Facebook last week announced it would be banning images of blackface and anti-Semitic content as part of changes to its Community Standards guidelines. This is to clamp down on racial stereotypes and anti-Semitism – adding to the growing list of conditions which may ban a person from an online platform.

This comes after rapper Wiley created a social media furore by posting a thread of anti-Semitic comments on his Twitter account at the end of last month. The resulting action was the rapper’s ban from various networks, and a call for social media platforms to tighten their policies around hate speech, from Home Secretary Priti Patel.

Wiley was banned in a gradient: first for a few hours from Twitter, before being banned for seven days, and then, eventually, permanently. He was also issued a seven-day block on Instagram after posting there – Facebook issued a statement saying there was “no place for hate speech on Instagram”. Many high profile individuals boycotted Facebook, Instagram, Twitter and Facebook for 28 hours following his online tirade.

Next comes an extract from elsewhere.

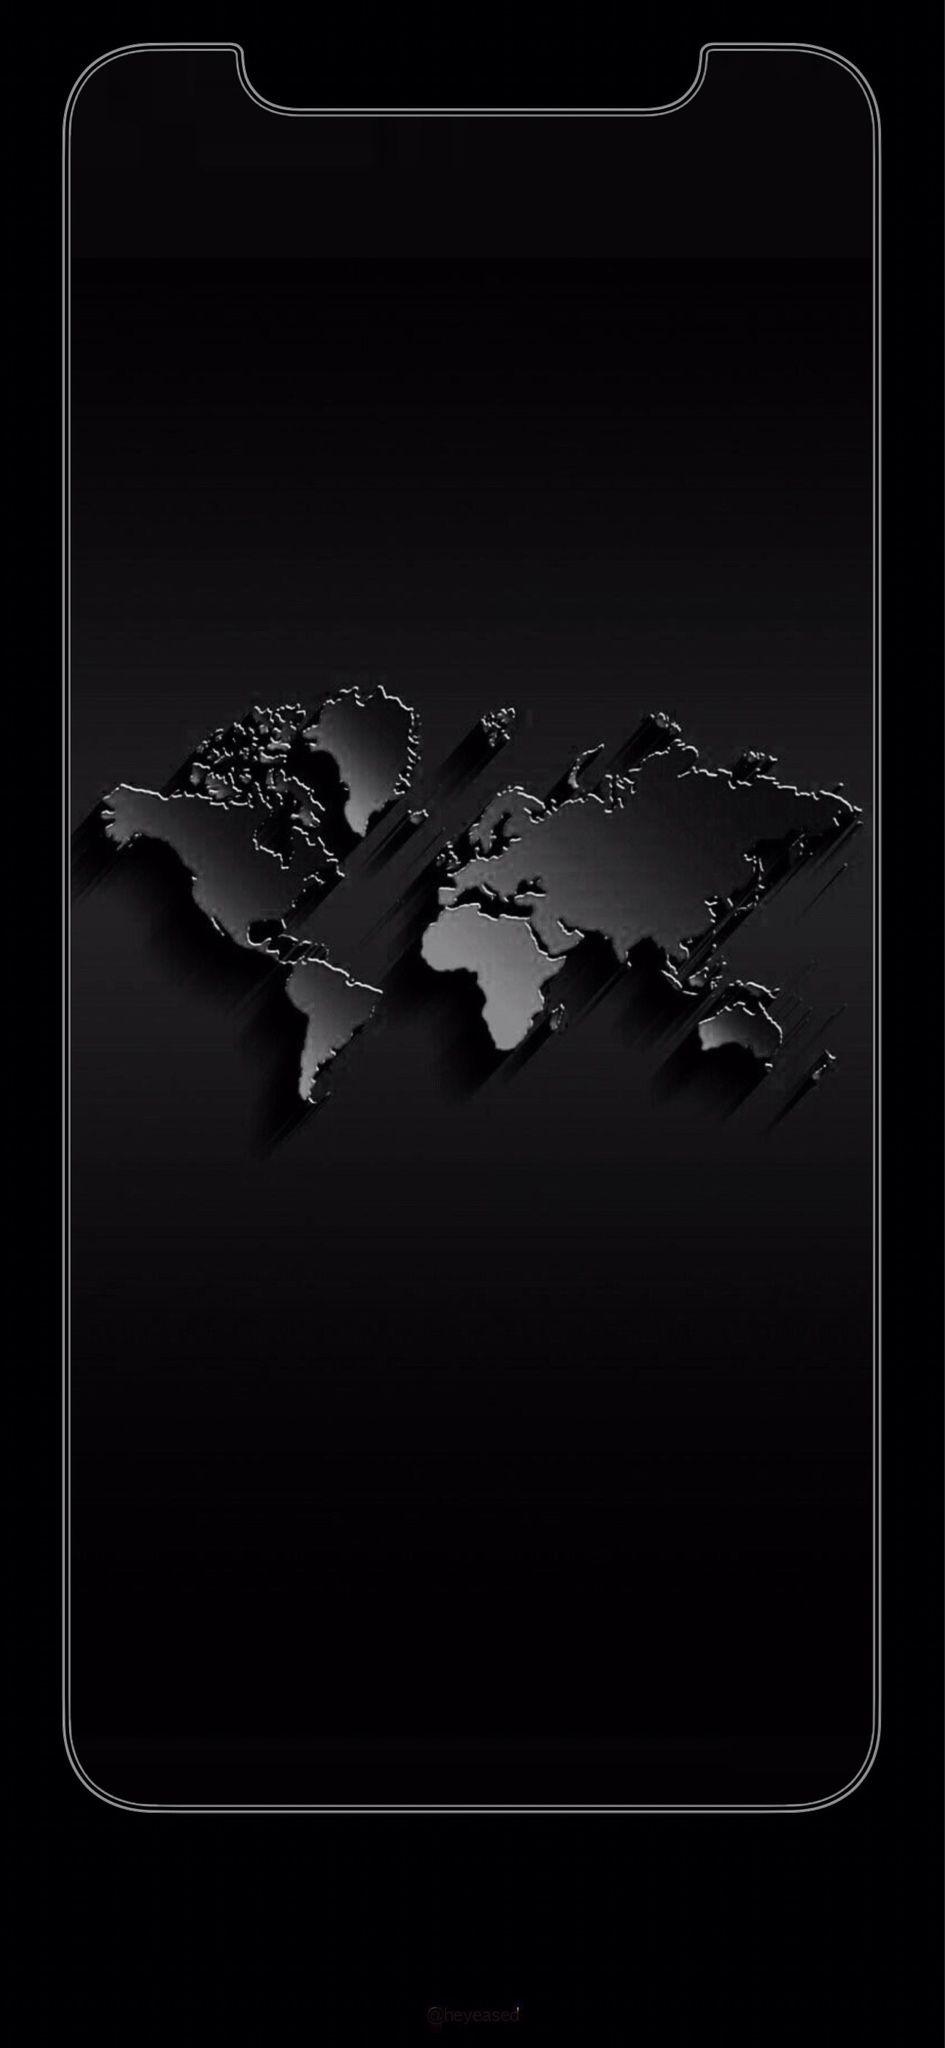 The Iphone X Wallpaper Thread Page 40 Iphone Ipad Ipod

YouTube responded by removing Wiley, as did TikTok.

Last week, Facebook released its Community Standards Enforcement report, making it a quarterly instalment from now on.  The report produces data from April to June 2020, detailing how the platform is preventing and taking action against content that violates their policies. The report cites that content actioned for hate speech increased from 9.6 million pieces in Q1 2020 to 22.5 million in Q2 2020. This highlights the growing need for social media networks to address this trend, and constantly adjust its preventative approach in line with the changing landscape.

As we’re increasingly bombarded with unrestricted, unedited views pelted into our feeds with the click of a mouse, the prudent moves of Facebook and friends seem a step on the path towards a more conscious state of sharing.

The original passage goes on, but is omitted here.